▸ **Problem statement**
Make an exact transcript of the lines in the data below, starting with the one containing "Наша Мама Пеленки" and going on through the one containing "significado de la", with both included and the pictures left out.
╭─ Material for the task
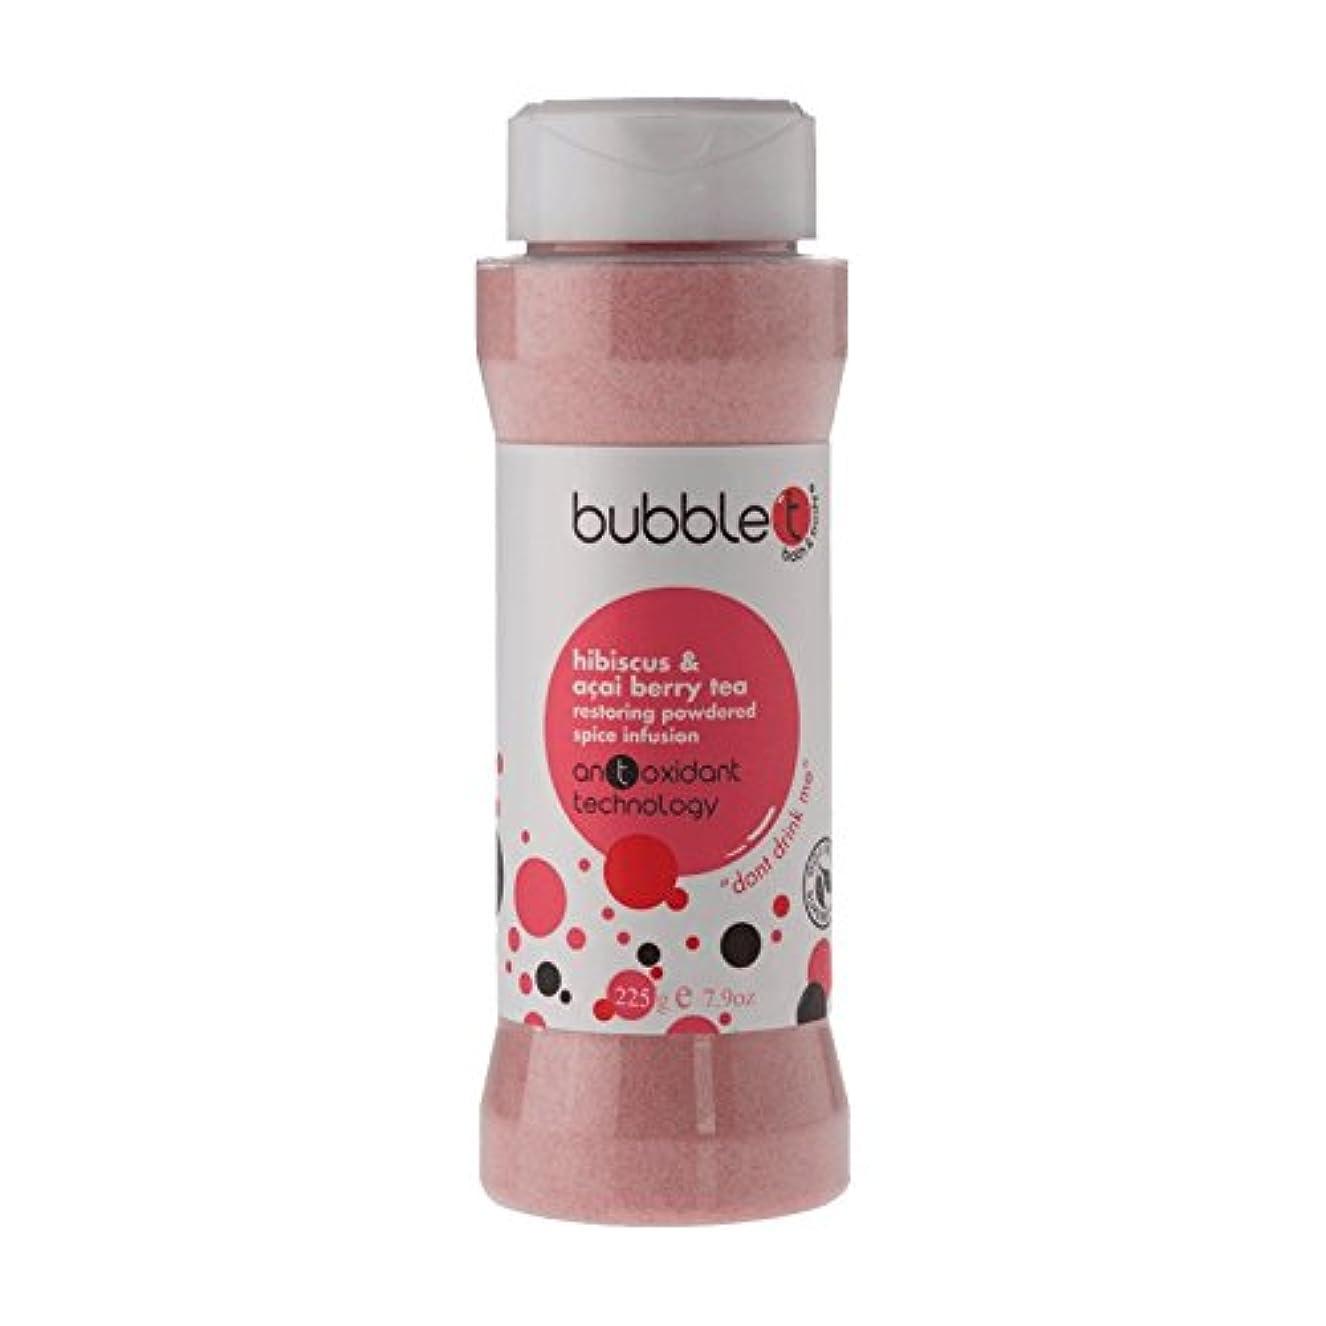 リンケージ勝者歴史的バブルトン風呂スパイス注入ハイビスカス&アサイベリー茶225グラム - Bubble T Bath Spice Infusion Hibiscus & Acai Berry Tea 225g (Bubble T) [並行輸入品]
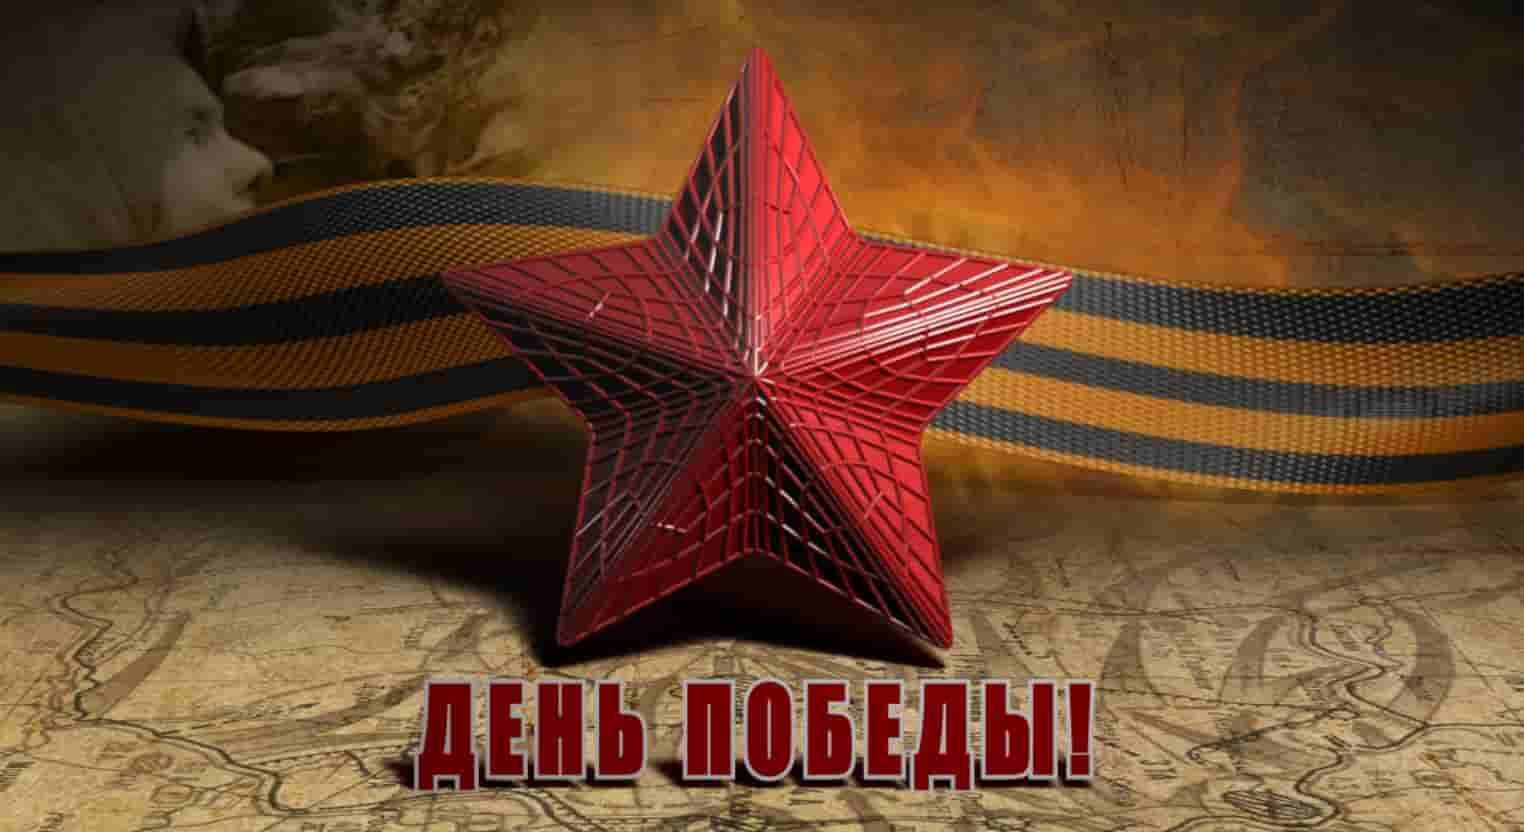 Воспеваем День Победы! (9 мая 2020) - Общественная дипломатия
╰─
╭─ Material for the task
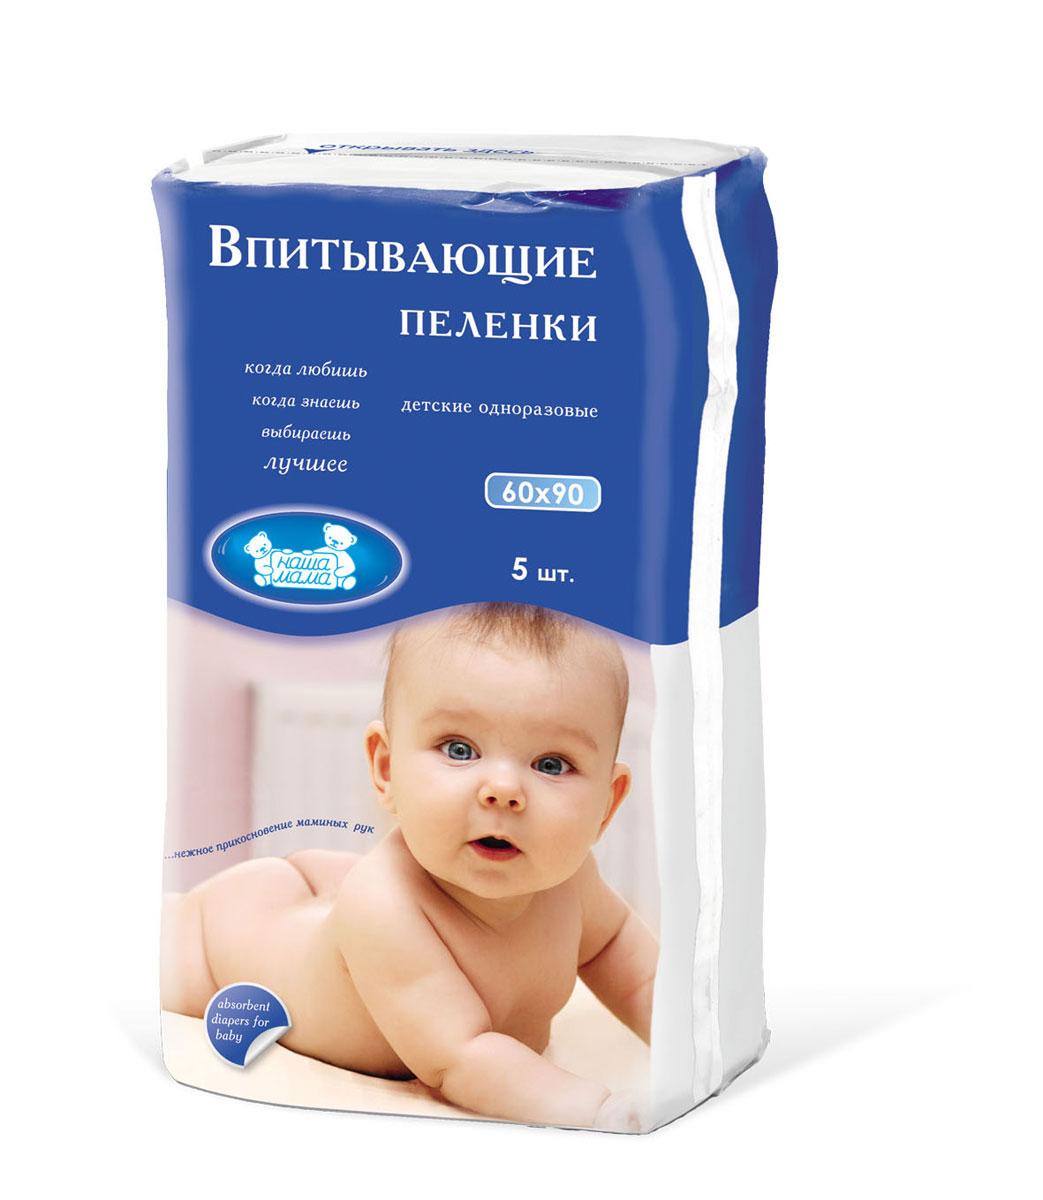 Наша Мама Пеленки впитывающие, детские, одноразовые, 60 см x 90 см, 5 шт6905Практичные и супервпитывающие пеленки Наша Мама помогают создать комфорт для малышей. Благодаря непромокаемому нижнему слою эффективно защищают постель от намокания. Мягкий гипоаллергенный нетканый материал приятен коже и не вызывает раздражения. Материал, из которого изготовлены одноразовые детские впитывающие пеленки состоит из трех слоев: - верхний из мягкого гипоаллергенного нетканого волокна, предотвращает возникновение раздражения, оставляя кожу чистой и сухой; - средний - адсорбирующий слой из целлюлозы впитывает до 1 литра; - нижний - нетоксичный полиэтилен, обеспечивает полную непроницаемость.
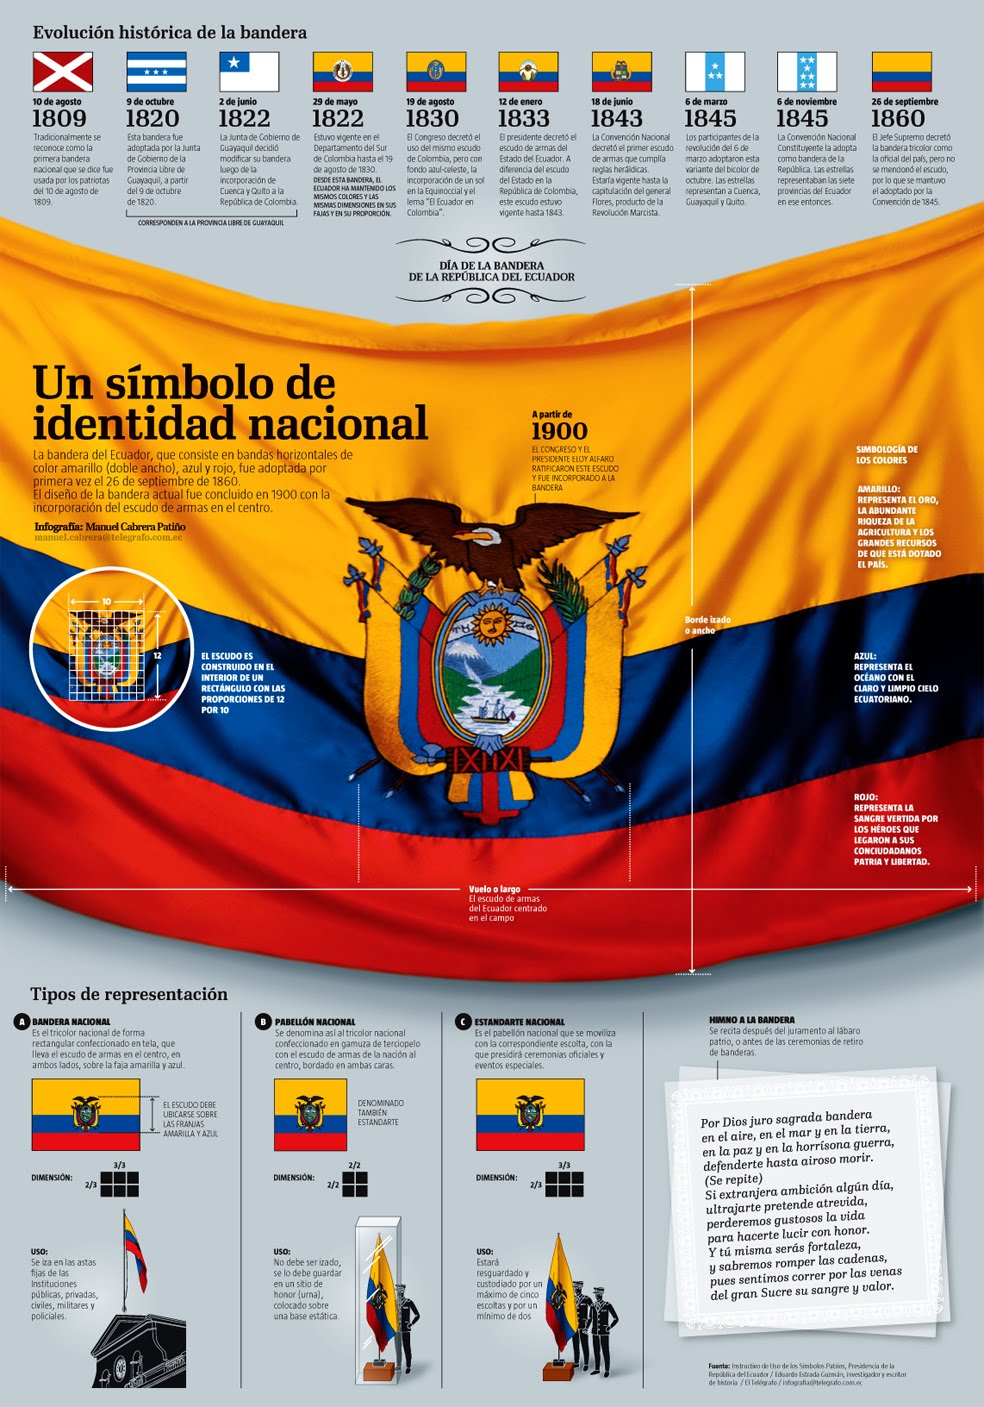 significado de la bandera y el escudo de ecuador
╰─
▸ **Solution**
 Наша Мама Пеленки впитывающие, детские, одноразовые, 60 см x 90 см, 5 шт6905Практичные и супервпитывающие пеленки Наша Мама помогают создать комфорт для малышей. Благодаря непромокаемому нижнему слою эффективно защищают постель от намокания. Мягкий гипоаллергенный нетканый материал приятен коже и не вызывает раздражения. Материал, из которого изготовлены одноразовые детские впитывающие пеленки состоит из трех слоев: - верхний из мягкого гипоаллергенного нетканого волокна, предотвращает возникновение раздражения, оставляя кожу чистой и сухой; - средний - адсорбирующий слой из целлюлозы впитывает до 1 литра; - нижний - нетоксичный полиэтилен, обеспечивает полную непроницаемость.
 significado de la bandera y el escudo de ecuador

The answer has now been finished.